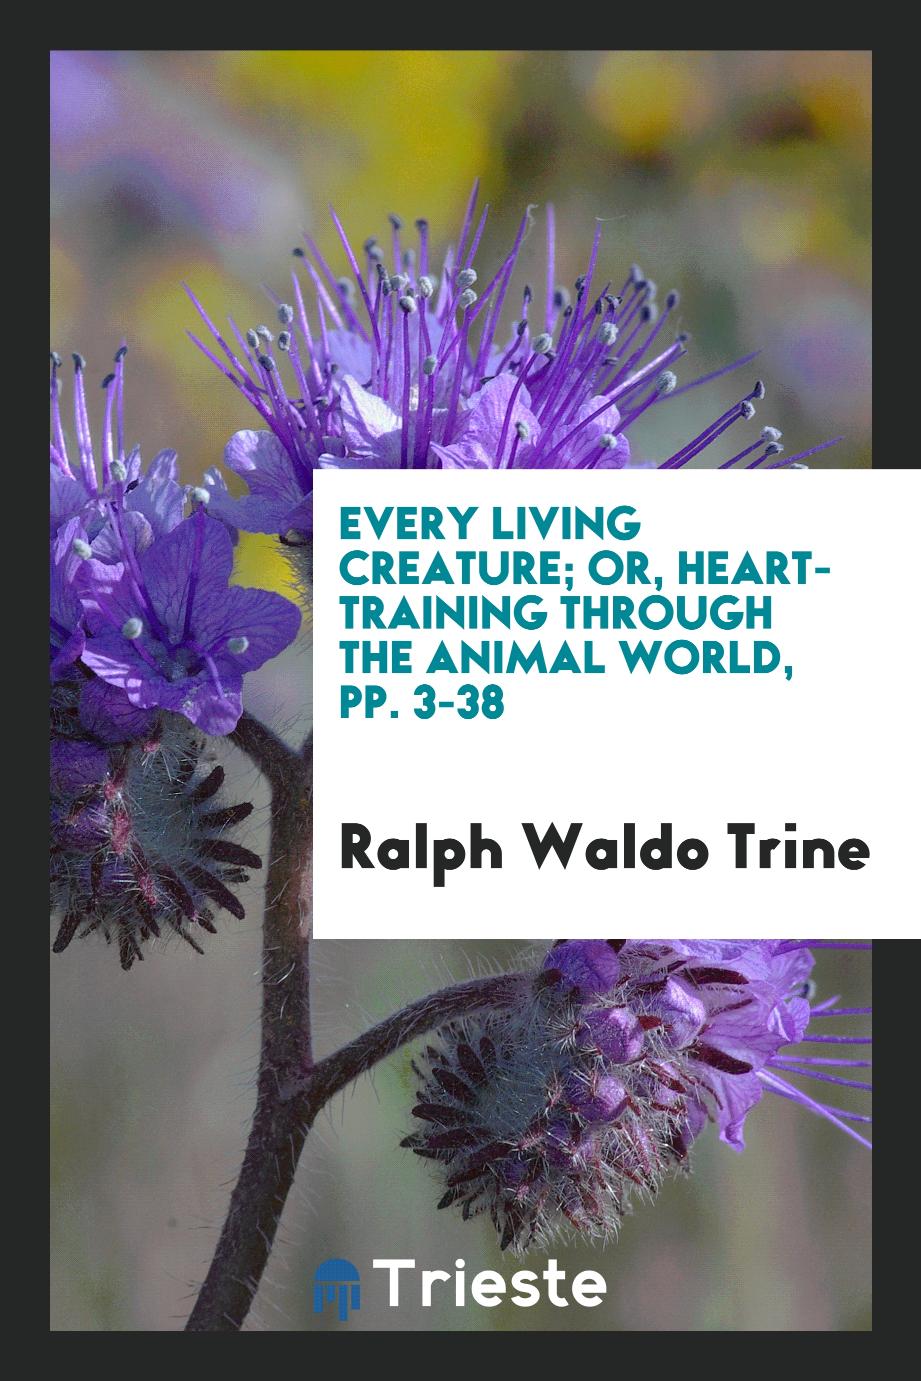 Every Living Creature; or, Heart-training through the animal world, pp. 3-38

---

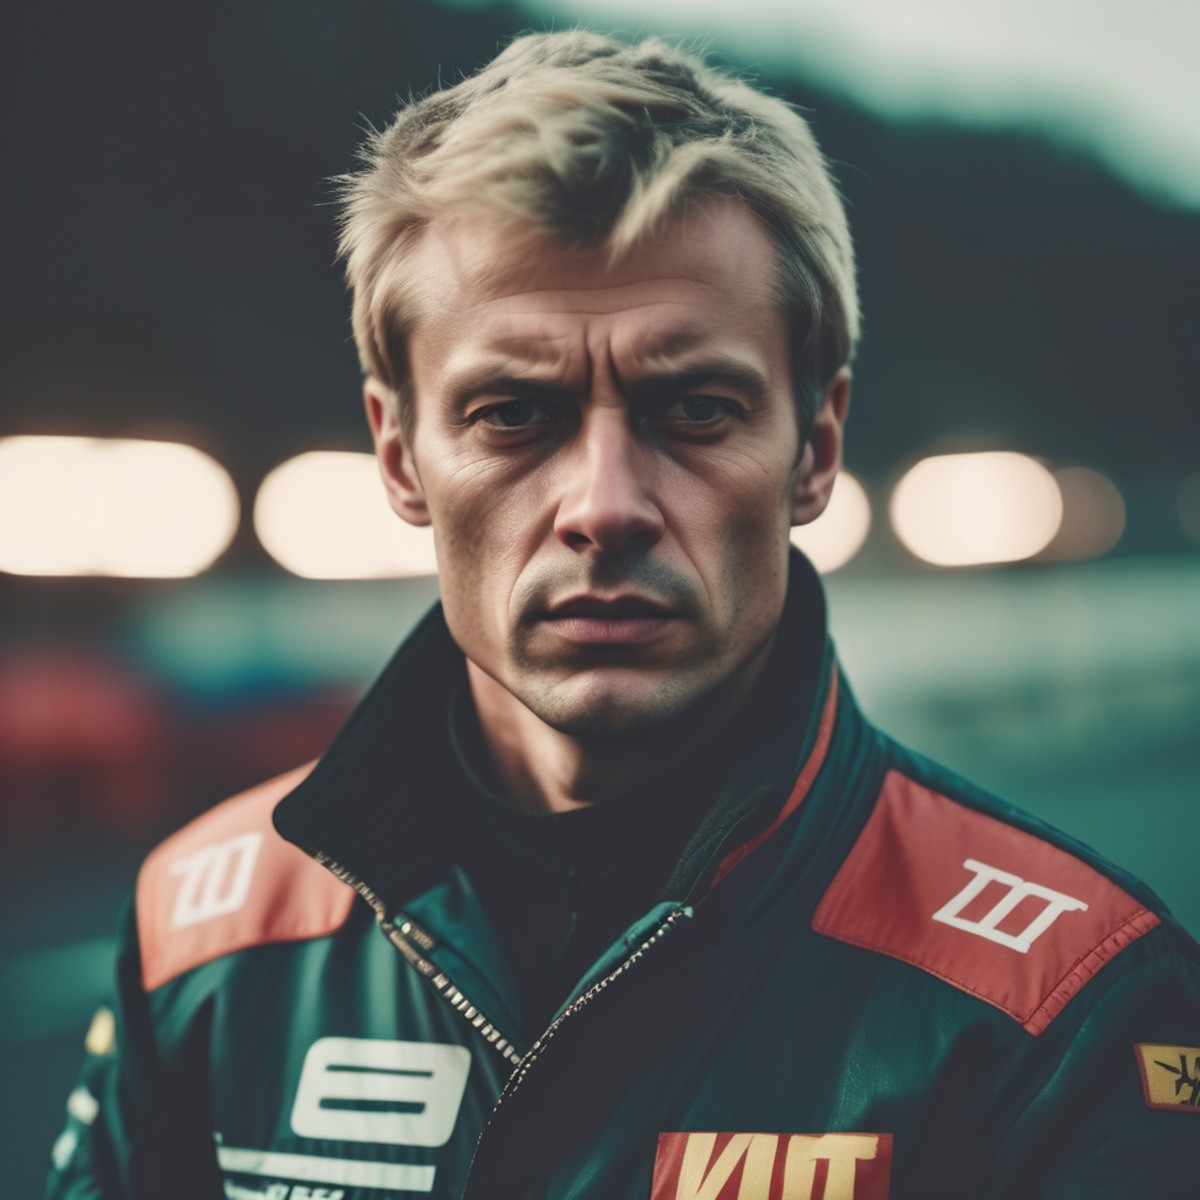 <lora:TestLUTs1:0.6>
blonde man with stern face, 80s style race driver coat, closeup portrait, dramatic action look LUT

| GOAL OF THE EXERCISE |
Look above for the line with "<lora:TestLUTs1:0.6>", then print it and each line after it down to and including the line with "blonde man with". Leave out the pictures and keep the wording exact.

| WRITTEN SOLUTION |
 <lora:TestLUTs1:0.6>
blonde man with stern face, 80s style race driver coat, closeup portrait, dramatic action look LUT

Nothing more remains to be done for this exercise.